Florida Today recently reported federal authorities contacted the private not-for-profit social agency around two months ago to aid the federal government with providing humanitarian services for the migrant children. This would include finding short-term, transitional housing and other care. According to FT, another 45 are expected in Fort Lauderdale and may end up in Brevard County.
"We're going to start with about 12 children," Teresa Miles, the executive director of the Brevard division of the Children's Home Society of Florida, told FT. "Our goal is to keep them safe and to get them together with an appropriate family."
Miles added that the agency is looking for willing families that can speak both Spanish and English to take the children in for at least 30 to 45 days, and families will receive stipends of $20 a day to care for the children along with educational support offered by the agency.
However, questions remain as to how secure such living environments may be—not only for the community but also for the young people who are brought are placed into homes.

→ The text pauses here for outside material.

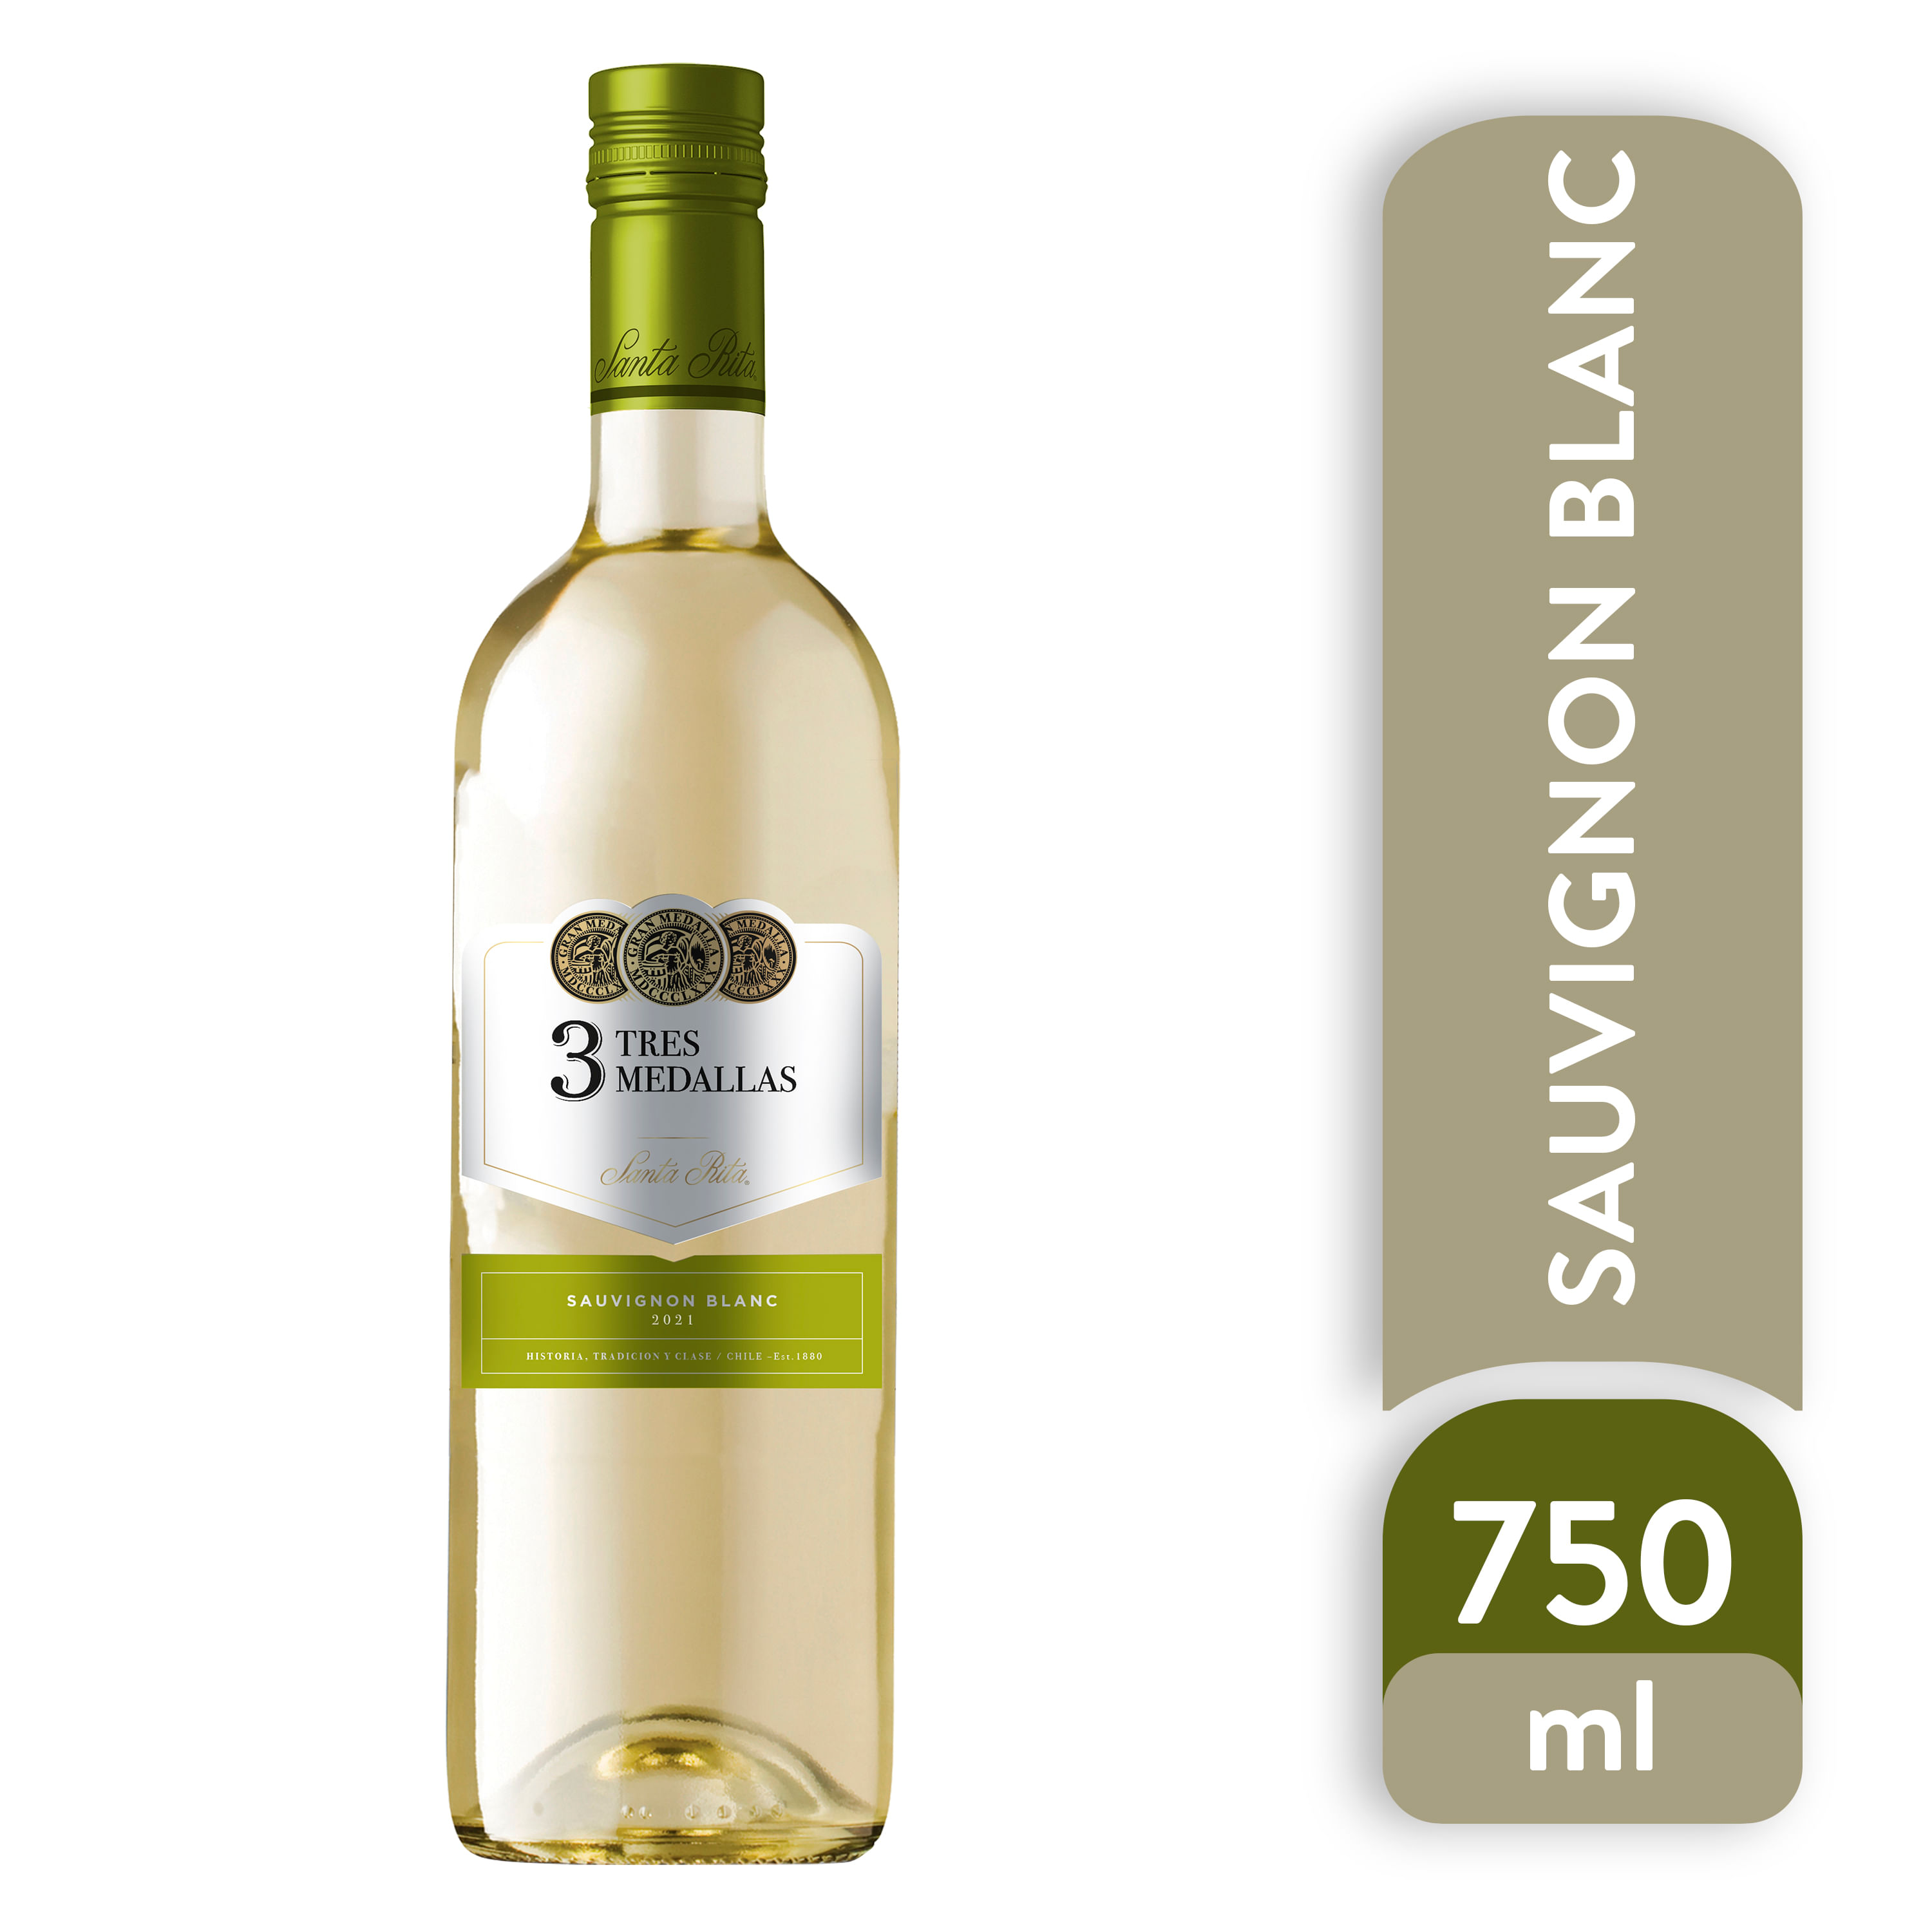 Comprar Vino blanco blanco nuclear - Supermercados DIA

Individuals trafficked into the United States may be most at risk when placed in less restrictive environments, Breitbart News learned recently from Brenda Zurita, a research fellow of the Washington, D.C.-based Concerned Women For America’s Beverly LaHaye Institute:
In the Violence Against Women Reauthorization Act (VAWA) of 2013 (Section 1261, which is an anti-trafficking provision), another layer was added to the care of UACs. If a UAC turns 18 while in the care of HHS and is then transferred to the custody of the Secretary of Homeland Security (DHS), the alien may be placed in an alternative to detention such as “with an individual or an organizational sponsor, or in a supervised group home.” How easy would it be for traffickers to snatch this young adult from these situations and put them into debt bondage, forced labor or sex trafficking?
However, Jesse Zermeno, founder and president of Operation Hope of Brevard, a Fellsmere-based organization that gives food, clothes, books, and other services to children and families with roots in Latin America, sees it differently, telling FT, "At the end of the day, it will be a good thing for someone in our community to touch these children's lives."
"These children, for sure, need to be with their parents. But now their future is unknown," Zermeno said, adding, "Even with that, you just can't put children in the street or expose them to danger again. We have to open our hearts and take care of the children and the system."